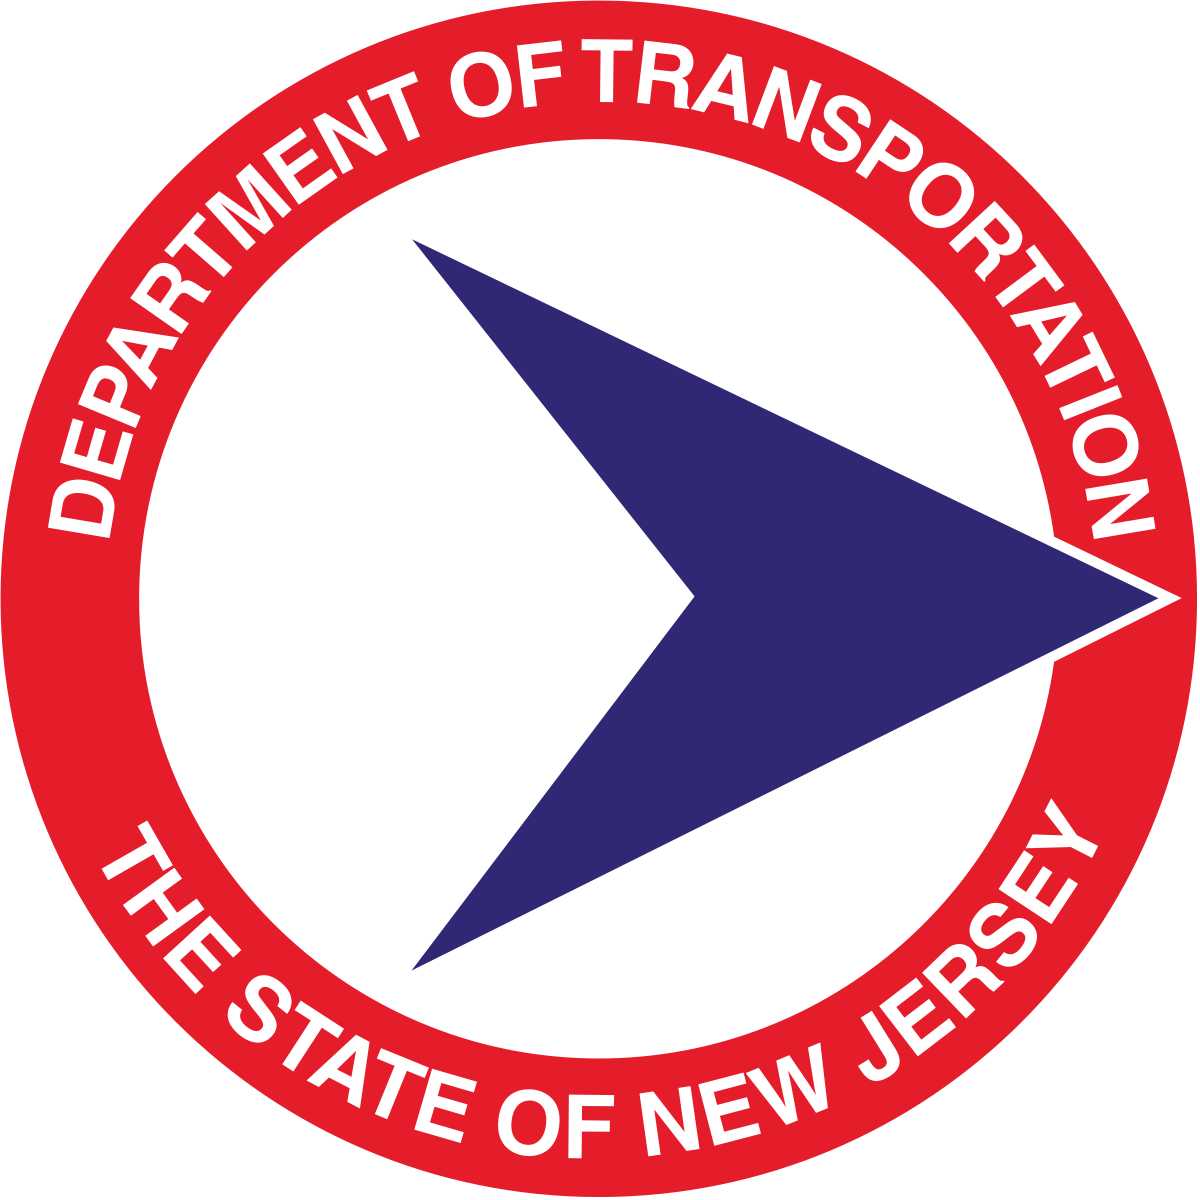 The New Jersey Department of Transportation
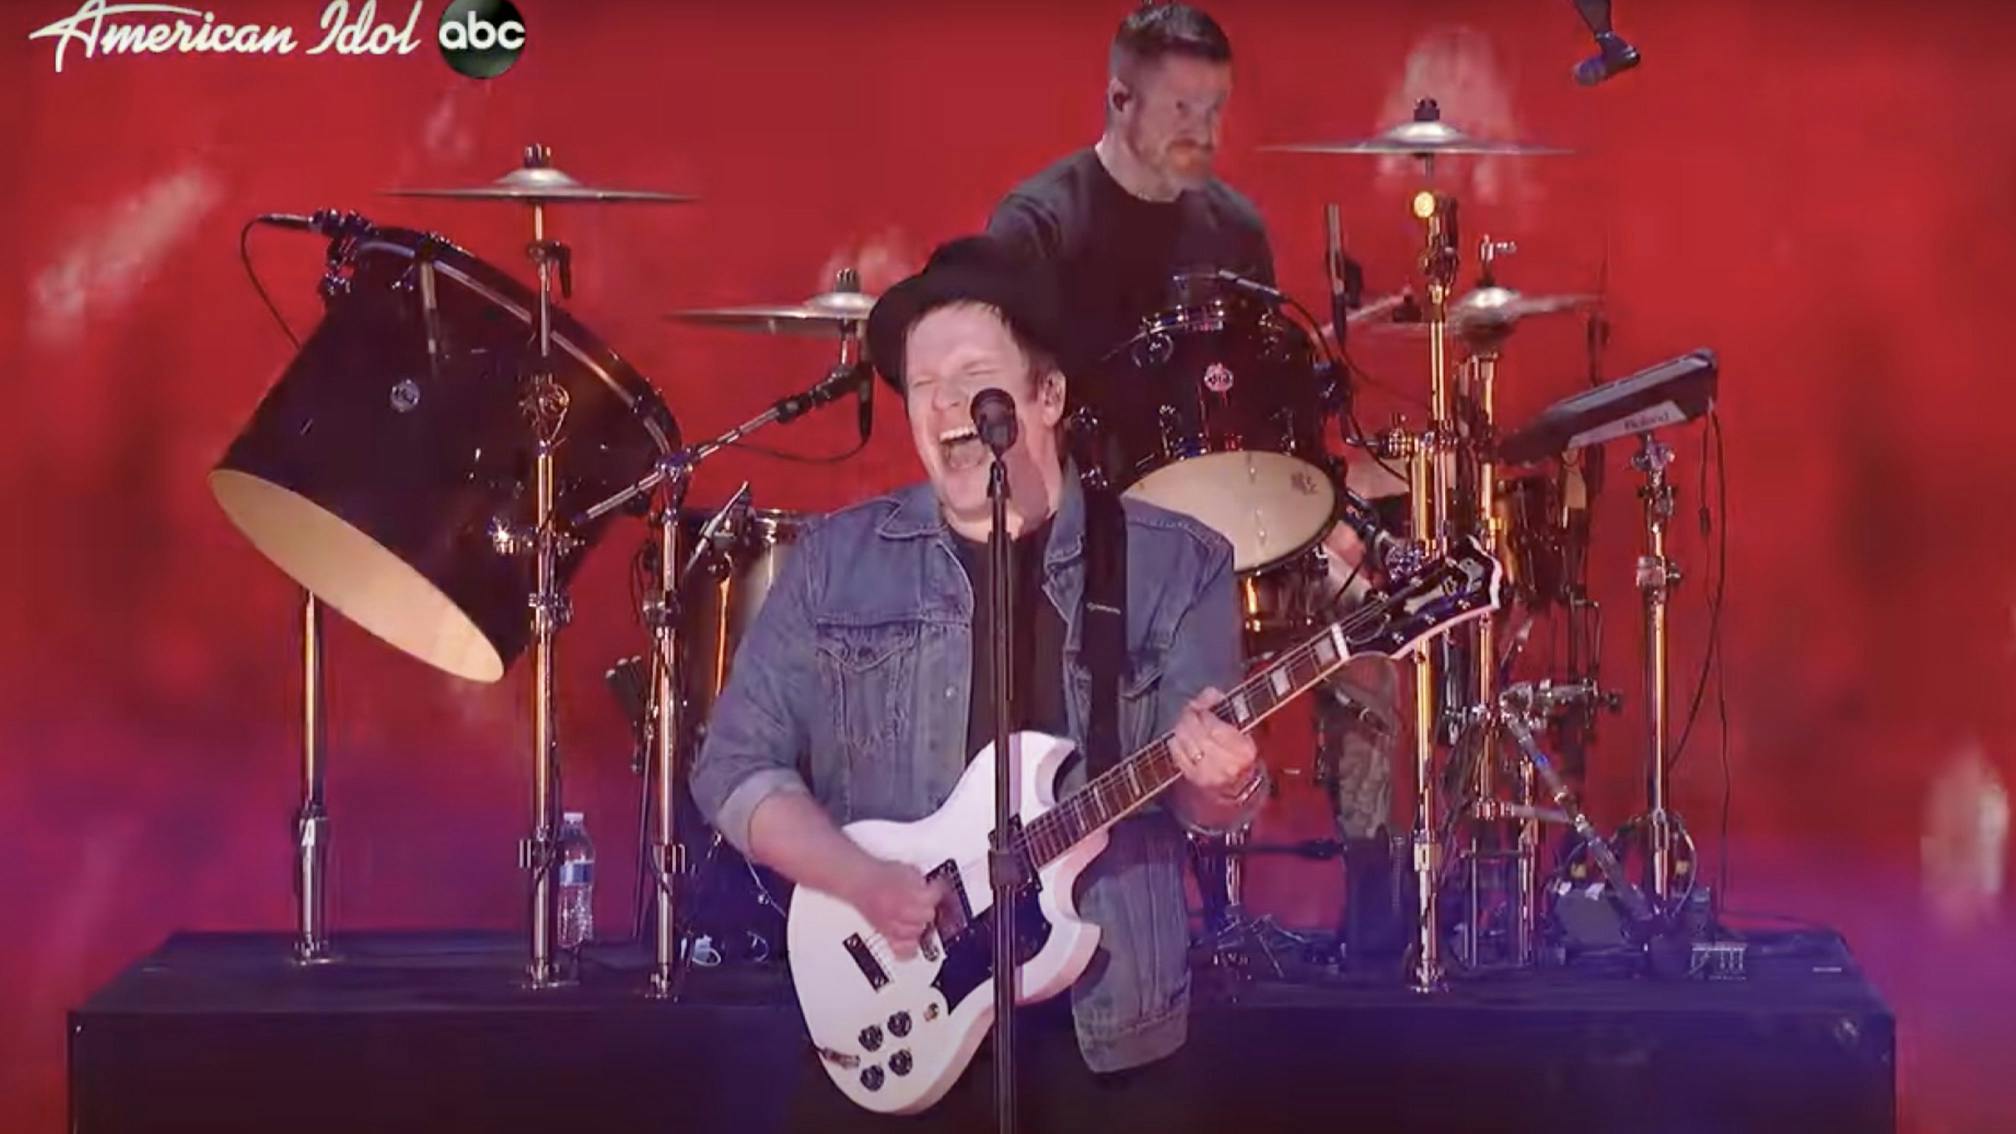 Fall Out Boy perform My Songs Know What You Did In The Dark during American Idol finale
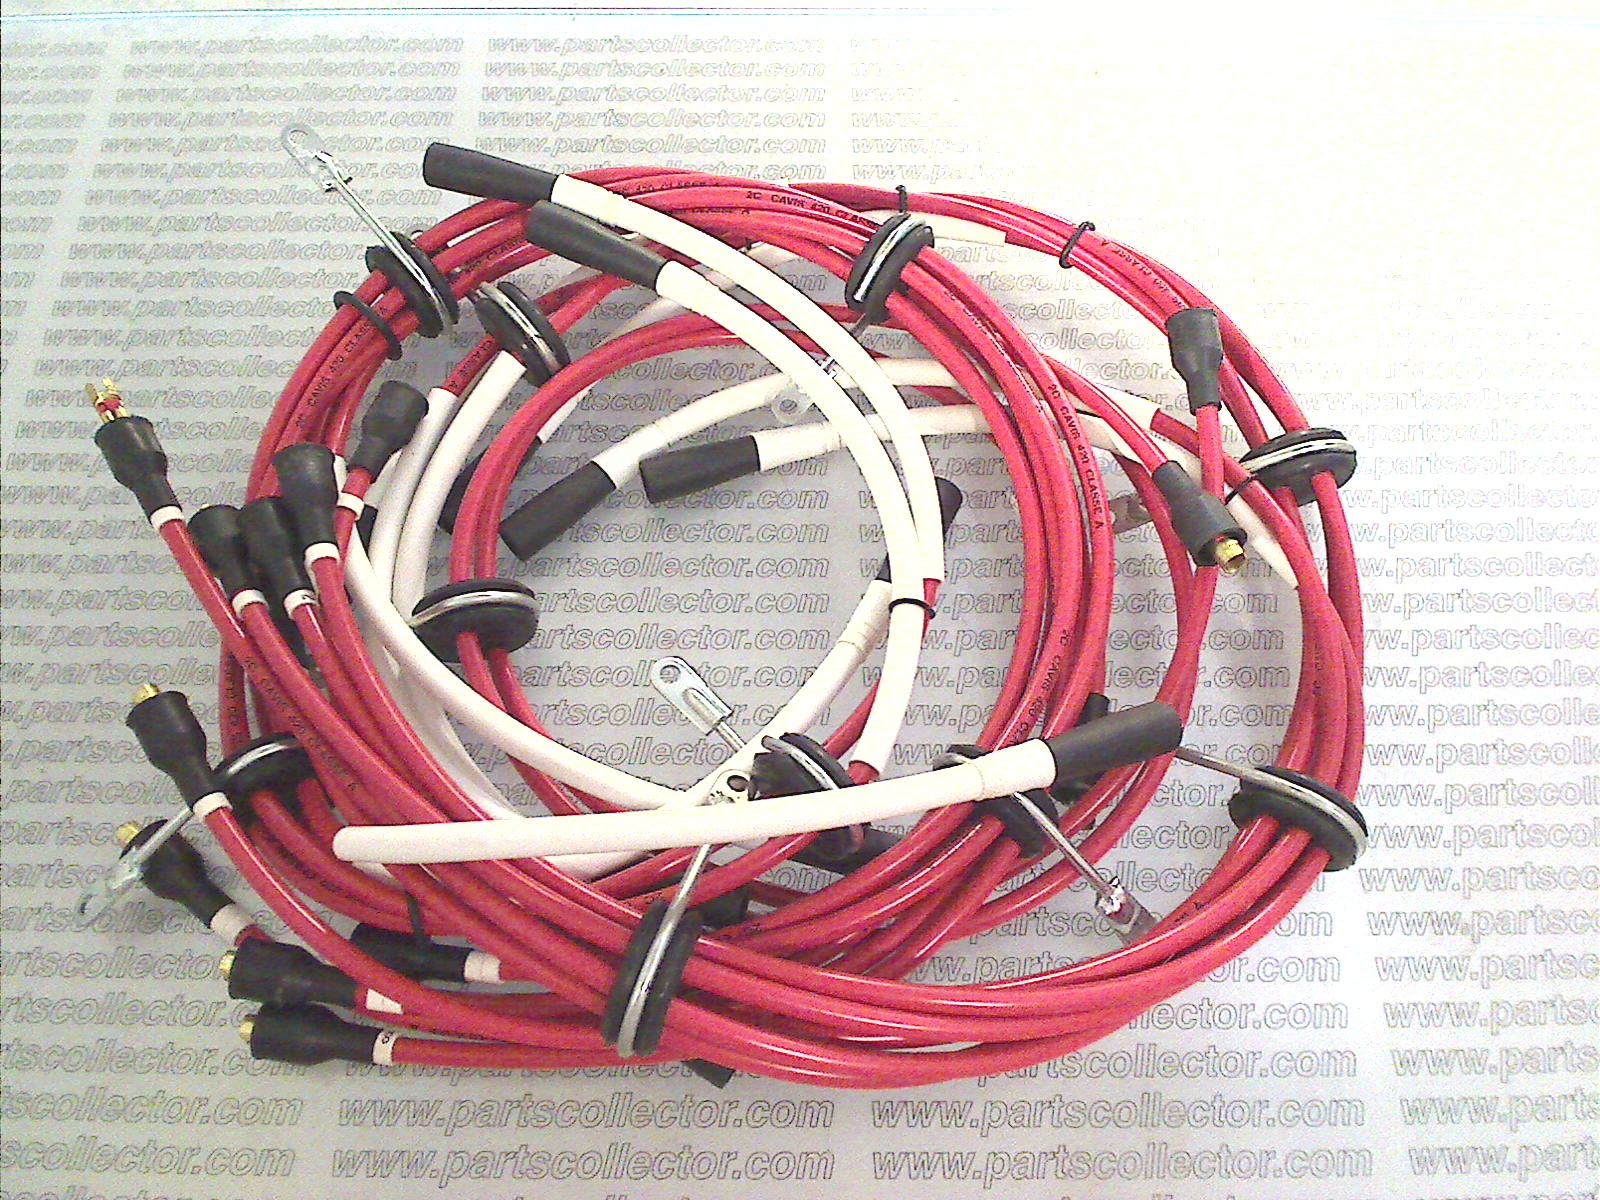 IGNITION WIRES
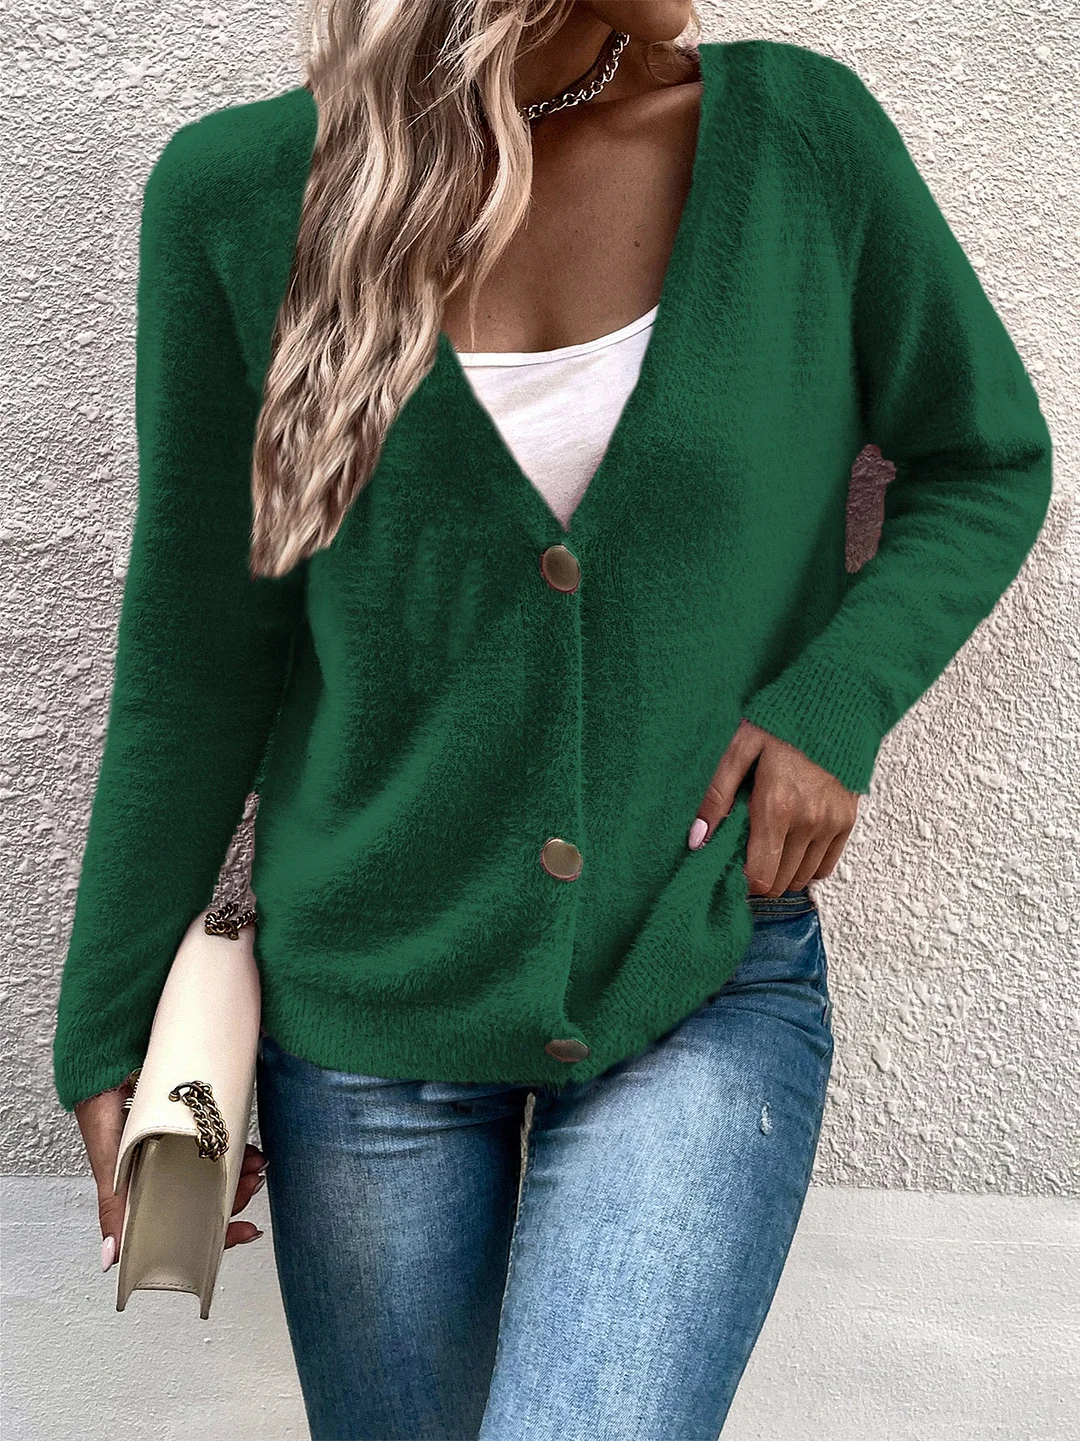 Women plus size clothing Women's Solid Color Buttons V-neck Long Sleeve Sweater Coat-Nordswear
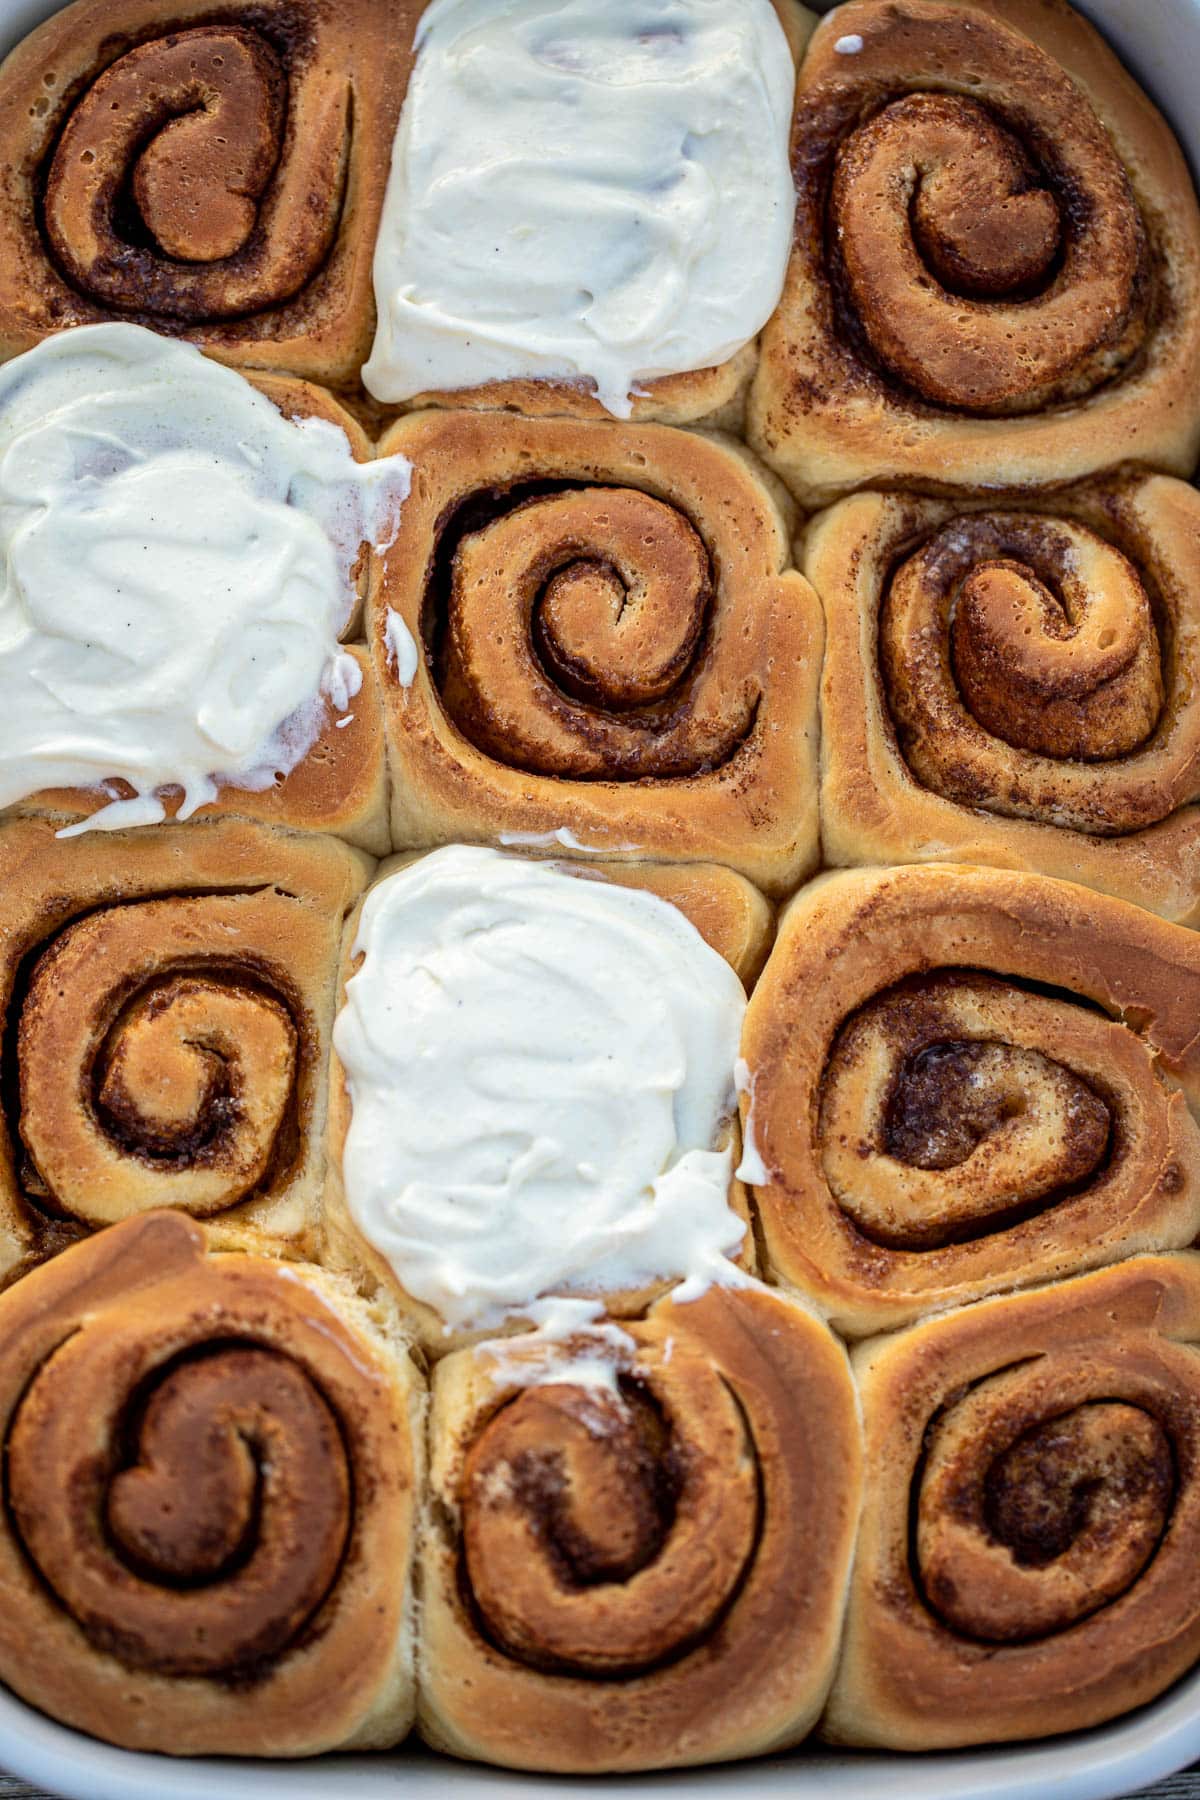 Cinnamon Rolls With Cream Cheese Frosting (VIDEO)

□ □ □ □ □ □ □

WORK TO BE COMPLETED:
Beginning with the line that contains "IGNITION WIRES", output every line down to the last line of the entries above exactly as written, apart from the pictures.

EXERCISE RESPONSE:
 IGNITION WIRES
 Women plus size clothing Women's Solid Color Buttons V-neck Long Sleeve Sweater Coat-Nordswear
 Cinnamon Rolls With Cream Cheese Frosting (VIDEO)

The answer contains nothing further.